Messer and Petrov employ their powerful forward simulation software, SLiM (see here), to simulate the evolution of entire chromosomes under a range of parameter values relevant to humans and other organisms, and apply various forms of the MK test to the population genomic data resulting from their simulations. They then study how accurately these methods re-infer the true evolutionary parameters in the simulations. Strikingly, they find that the MK test can substantially underestimate the true rate of adaptation.

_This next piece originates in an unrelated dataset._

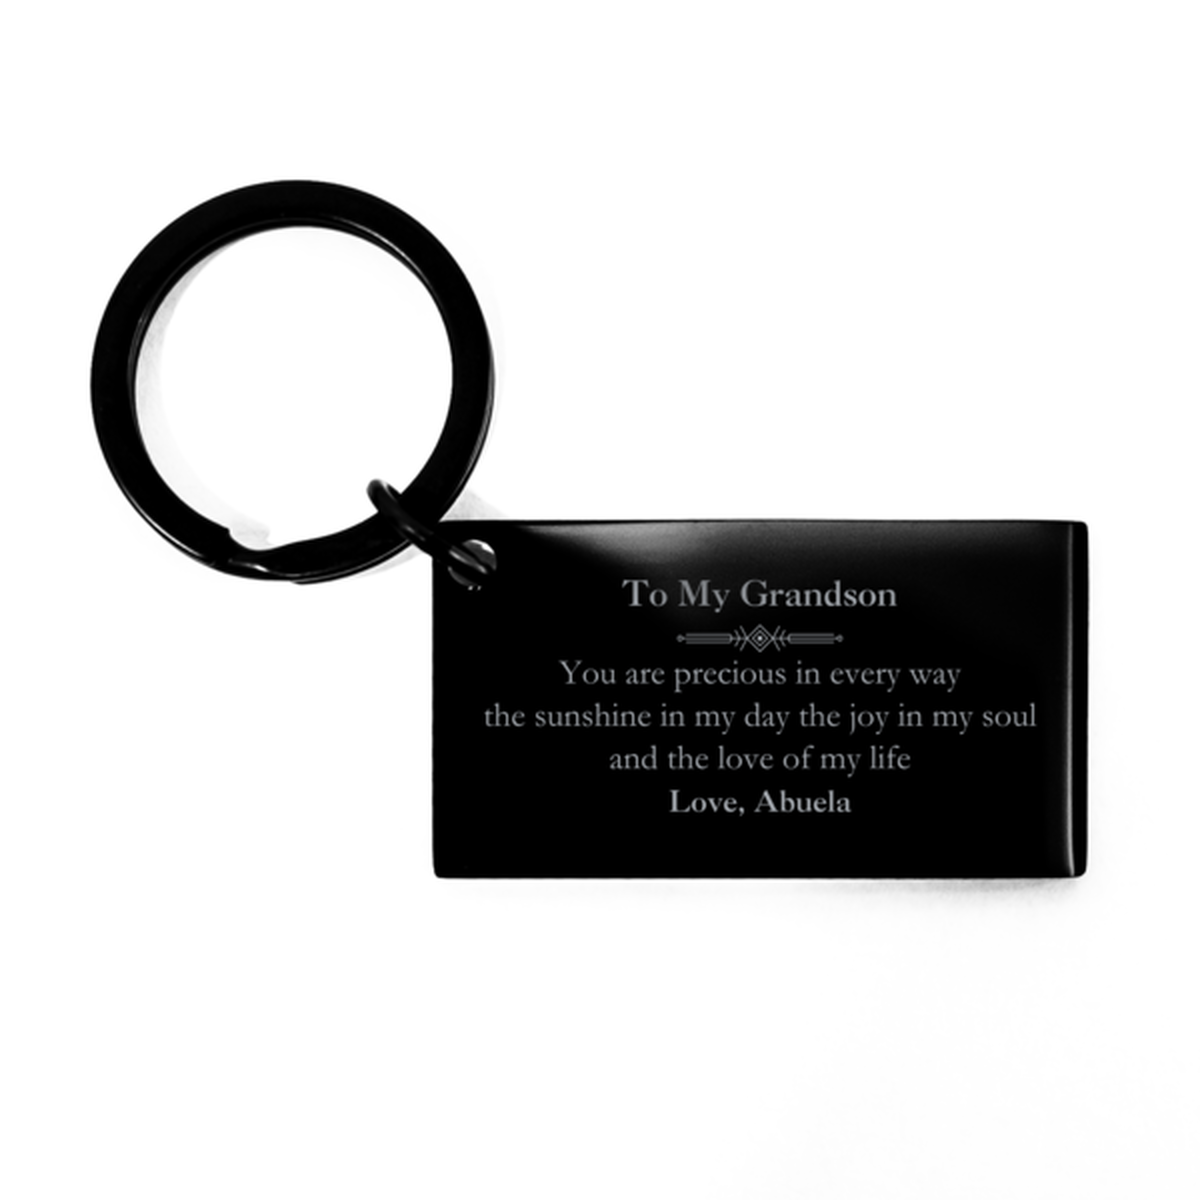 Graduation Gifts for Grandson Keychain Present from Abuela, Christmas Grandson Birthday Gifts Grandson You are precious in every way the sunshine in my day. Love, Abuela

For instance, they present scenarios where 40% of the amino acid changing substitutions were in fact strongly adaptive in the simulations, while other population parameters resembled those commonly inferred for human evolution, yet the standard MK estimates yield that none of these substitutions were actually adaptive. Fortunately, Messer and Petrov propose a way to avoid these problems by using a simple, asymptotic extension of the MK test.

Figure: Illustration of the asymptotic MK estimation of the rate of adaptive substitutions : The standard MK approach assumes that all polymorphisms (non-synonymous and synonymous) are neutral. This assumption is likely violated for low frequency polymorphisms, as some of these are likely to be deleterious. The assumption should hold for very high frequency polymorphisms, because they are very unlikely to be deleterious. The asymptotic MK approach uses this fact by looking at the estimated rate from different frequency classes of alleles, and extrapolating to x=1, where the rate is expected to have asymptoted.  

The bigger claim of this straightforward and easy-to-read paper is that the effects of linked selection cannot be simply swept under the rug by introducing effective parameters, such as effective population size or effective strength of selection, and then using these effective parameters in formulae derived from the diffusion approximation under the assumption of free recombination.

Quantifying known biases

Surely, this paper will ruffle some feathers. Some people will argue that these problems have been know for a while in theory. Yet despite this, the vast majority of studies that continue to appear in the literature still pay only cursory lip service, if anything, to these issues. Presumably, this is because it is not well understood analytically to what extent linkage effects affect population genetic estimates, and Messer and Petrov therefore do an important job in quantifying these biases. Hopefully this will help focus the community’s attention to spend some time figuring out how to modify commonly used approaches to place them on a more solid foundation.

Citation: Messer, P. W., & Petrov, D. A. (2013). Frequent adaptation and the McDonald-Kreitman test. Proceedings of the National Academy of Sciences of the United States of America, 110(21), 8615–20. doi:10.1073/pnas.1220835110


Paper author: Philipp Messer is a research associate in Dmitri Petrov’s lab at Stanford, where he studies the population genetics of adaptation using theoretical and computational approaches in concert with the analysis of large-scale population genomic data.